Она вытерла глаза, положила руки вниз ладонями на бедра, но не подняла головы. Я прислушивался к треску факелов.
— Я не могла поверить в то, что произошло, — проговорила она. — Я когда-то думала, что была для него всем, что он будет благодарен даже за мимолетную улыбку, но я обнаружила, что я для него — ничто. Он просто принял как должное самые интимные, какие я только могла себе представить, услуги, оказанные мной ему. Они были для него обычными услугами наемной девушки.
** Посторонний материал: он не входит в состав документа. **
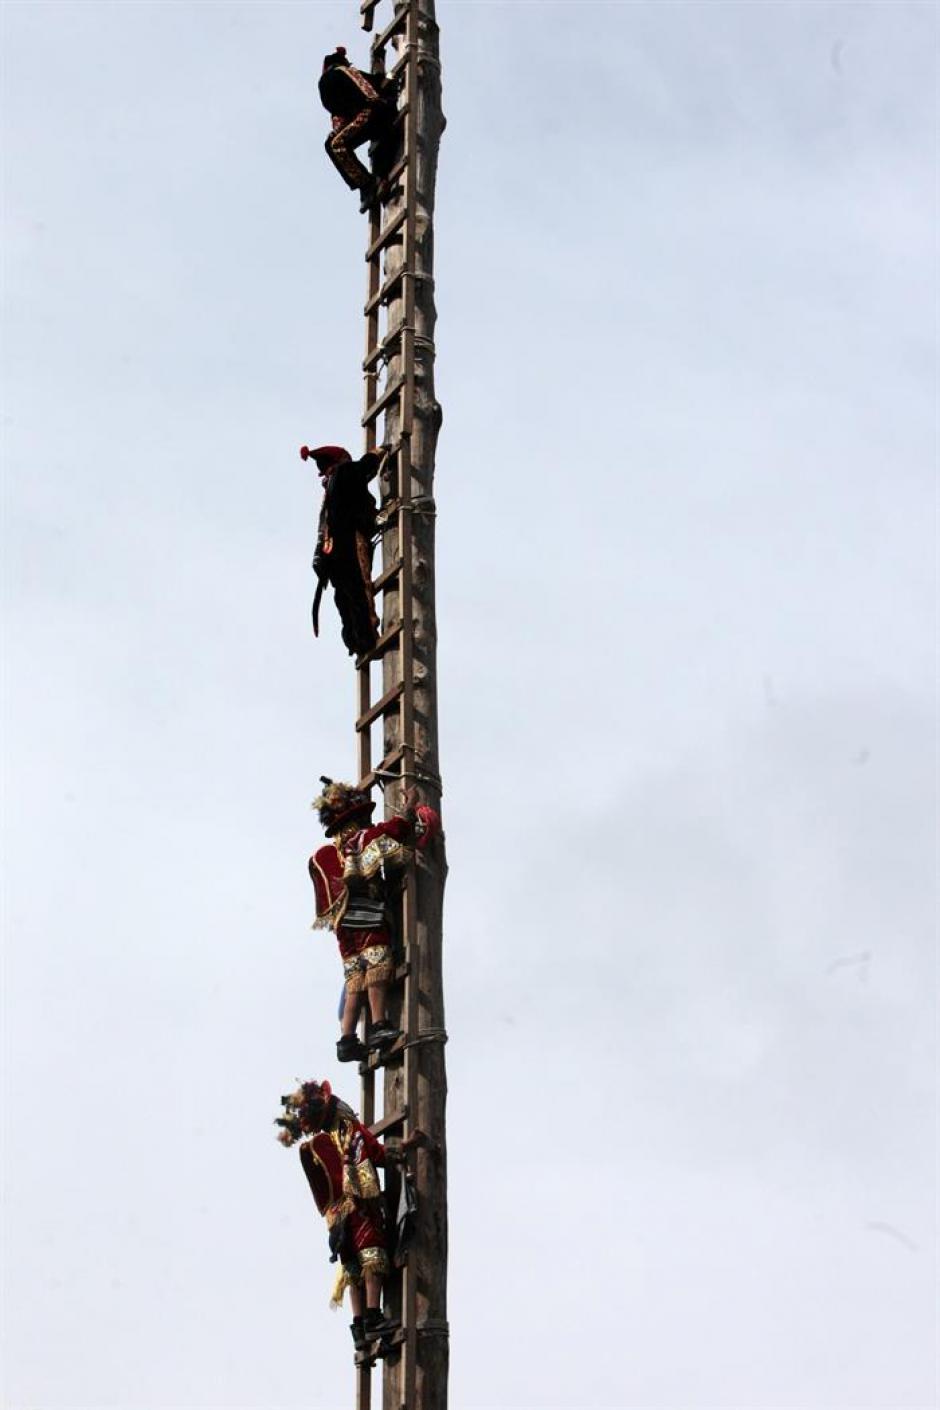 Los participantes de esta acción tardan en subir al lugar donde comienza la acción. (Foto: Esteban Biba/EFE)

А потом, как будто я была для него незнакомкой, он отправил меня от себя.
Она откинула голову назад и всхлипнула. Потом снова опустила голову.
— Прости мне мои чувства и эмоции, мой господин, — прошептала она, — но во всем этом скрыто больше смысла, чем ты можешь понять. Во всем этом для меня больше значения, чем я тебе рассказала. Но как я, рабыня, раздетая и беспомощная перед тобой, могу скрывать эту правду? Несомненно, само мое тело выражает ее.
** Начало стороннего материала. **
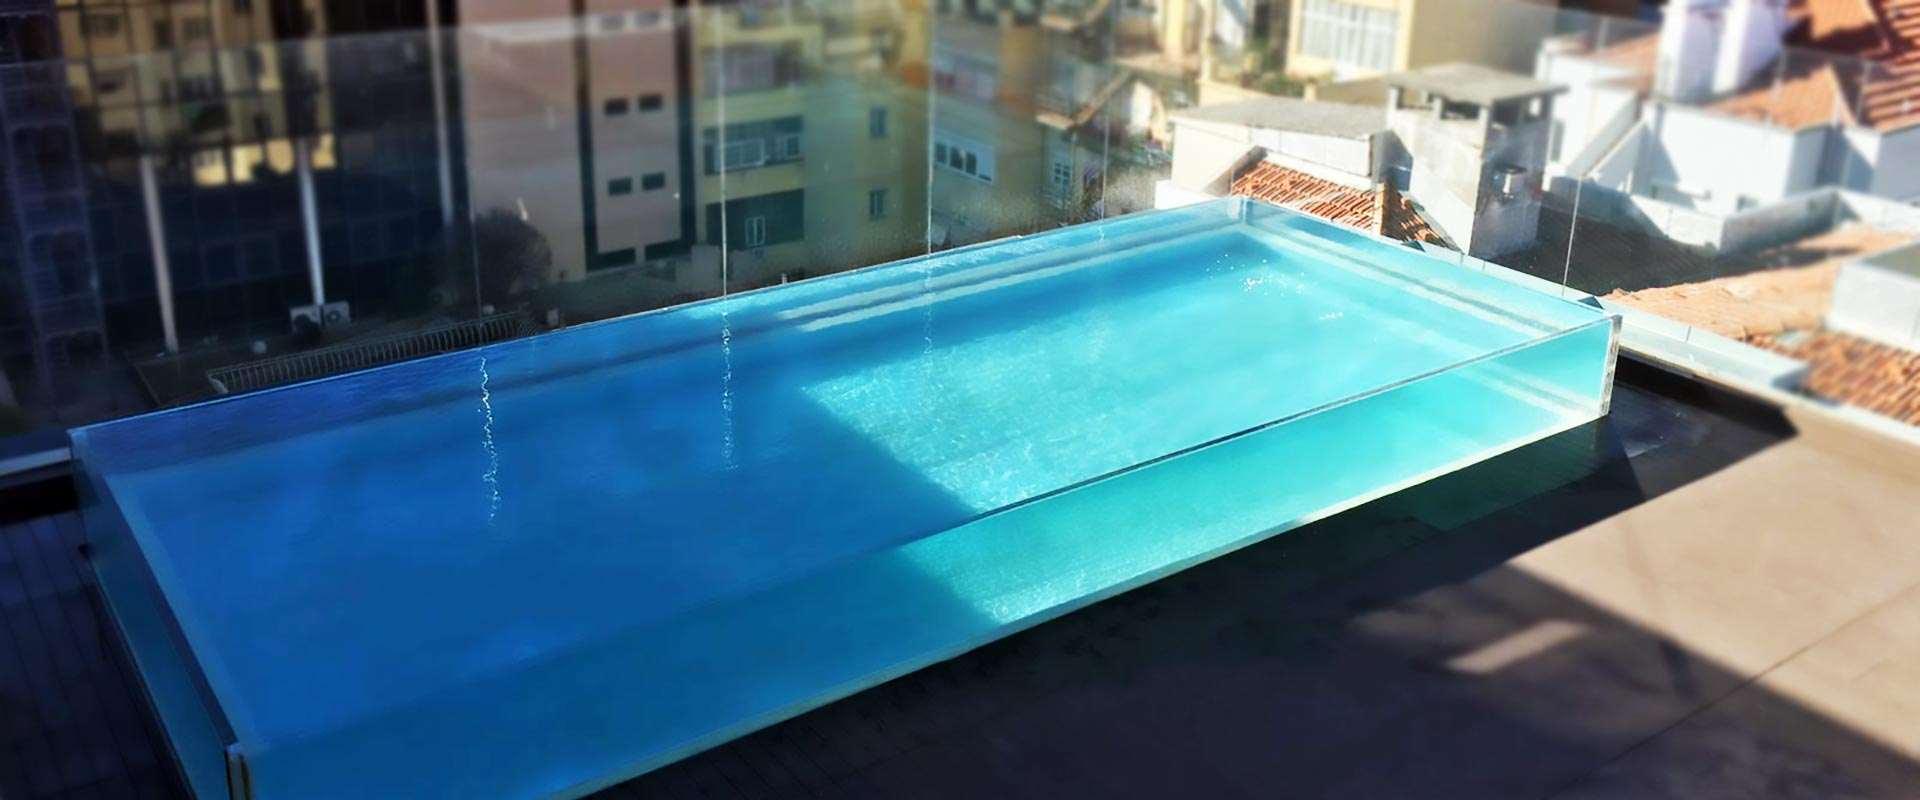 Κατασκευή διάφανης πισίνας και επιδόρθωση παραθύρου πισίνας

В том, что она сказала, было заключено многое. Необыкновенно трудно для женщины, обнаженной и стоящей на коленях перед мужчиной, солгать. Язык тела своими подсказками делает это почти невозможным.
— Позволь мне сказать тебе эту правду, — попросила она, — и надеюсь, что таким образом моя жизнь будет сохранена.
Я взял кнут с подлокотника кресла и положил его, со свернутыми петлями, себе на колени. Она подняла голову, глядя на кнут. Она дрожала.
— Я должна говорить? — спросила она и увидела, как я сжал кнут.
— Конечно, я должна говорить! — поняла она. — Прости меня, господин.
Она смотрела вниз.
— Я подчинилась ему, — прошептала она внезапно. — Я подчинилась Джейсону из Виктории. Я отдалась ему. Я не могла сдержать себя!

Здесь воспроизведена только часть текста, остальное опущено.